One thing I always look for is does it have a one peice roof. Then I look at the construction on the inside to check the strenth. The piture (to me) looks like a well built trailer


----------



## Strawberry frost (Jan 29, 2014)

Cincinnati said:


> One thing I always look for is does it have a one peice roof. Then I look at the construction on the inside to check the strenth. The piture (to me) looks like a well built trailer


here is another picture of


----------



## garlicbunny (Apr 30, 2009)

We have an 2011 Eclipse straight load 2 horse with a tack room and ramp. We like it a lot. We had the smaller 2 horse slant that was supposed to fit horses 15.2 and under, My horse is 15.1 and he was too big, his butt was up against the wall and had to have the window open, he felt claustrophobic! We took it back and traded it for our current one.
I think it was their way to get you to buy the cheaper model, but have heard from others that it wasn't big enough for their horses as well. Customer service is iffy, we had defective windows in our current trailer and took almost 2 years to get them replaced.
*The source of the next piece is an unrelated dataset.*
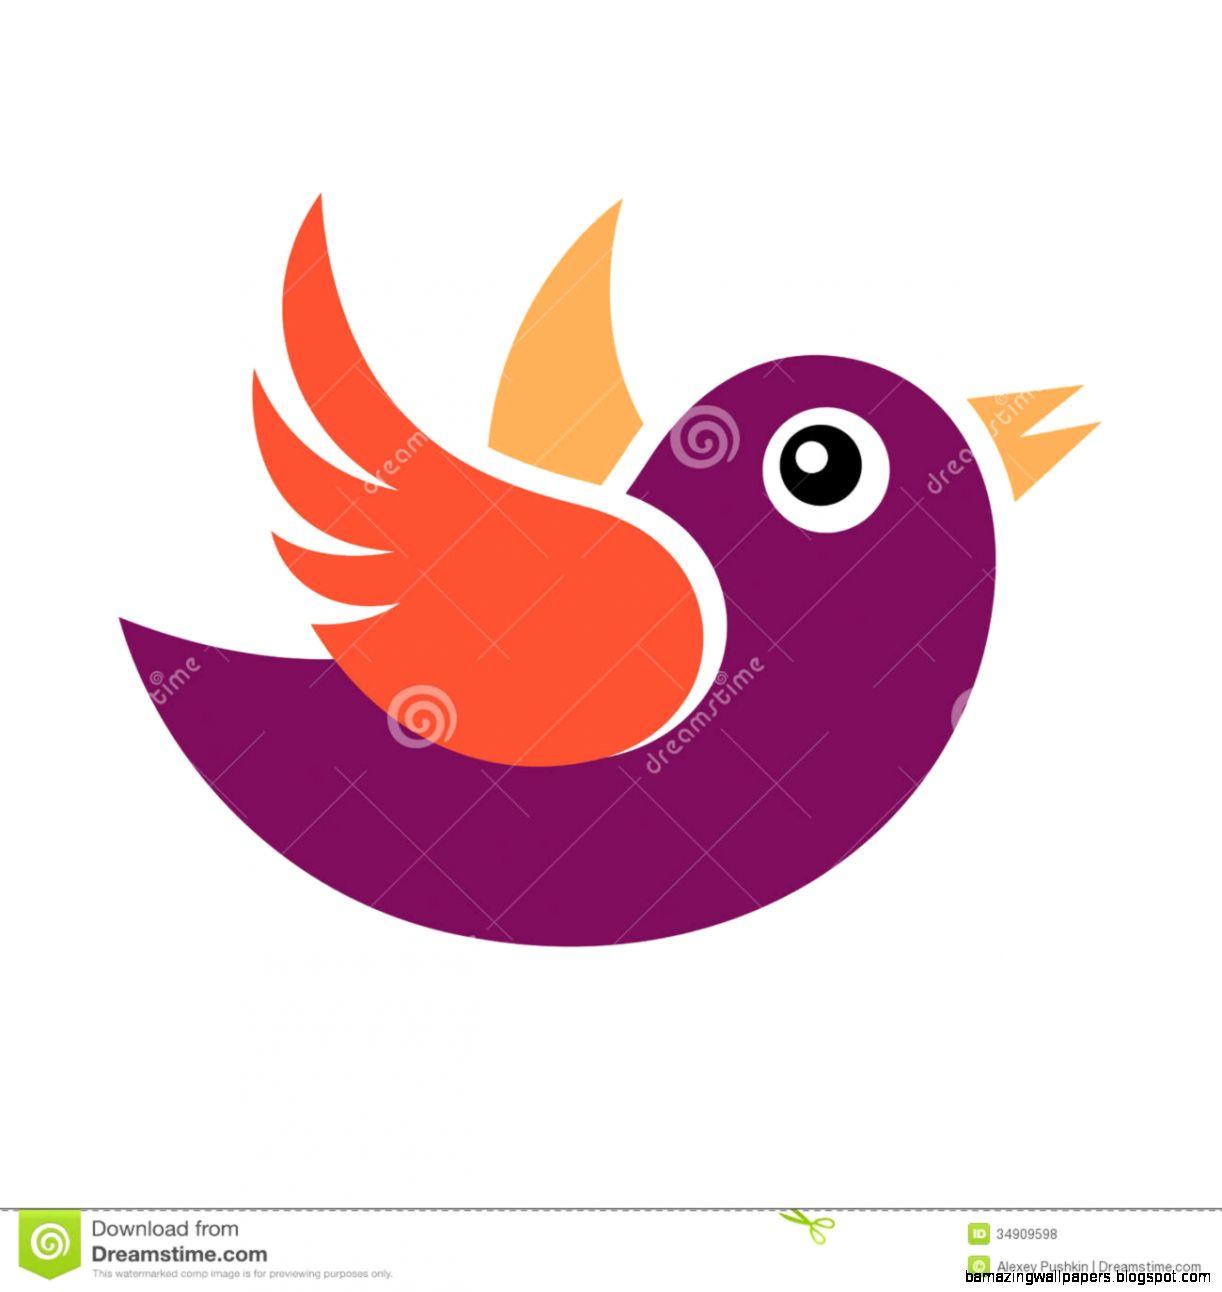 Bird Royalty Free Stock Photos   Image 34909598

That being said not sure I would buy another one from them.


----------



## evilamc (Sep 22, 2011)

I was looking into buying an Eclipse trailer, went and checked them out at an expo in January. They're were nice looking trailers, but did seem a bit small, that one looks like the regular size so you horse probably would have to be under 15h to fit. I didn't like the dressingroom wall, it swings open, and because of that theres a good inch or so under it that I feel like bedding/pee/who knows what would go into the dressing room. The prices also werent as good as I thought. They start out with a great low price, but that doesn't include ANYTHING. To get it to be a more comfortable trailer, with floor mats saddle racks bridle hooks, stuff like that, you're paying thousands more. I decided it wasn't worth the cost to me, it just seemed small and I really didn't like the gap under the dressing wall. That may not bother you, but it made me go buy a featherlite 

If it's used, and decently priced, as long as your horse will fit, I bet you could be happy with it though, just brand new they felt a little overpriced to me.


----------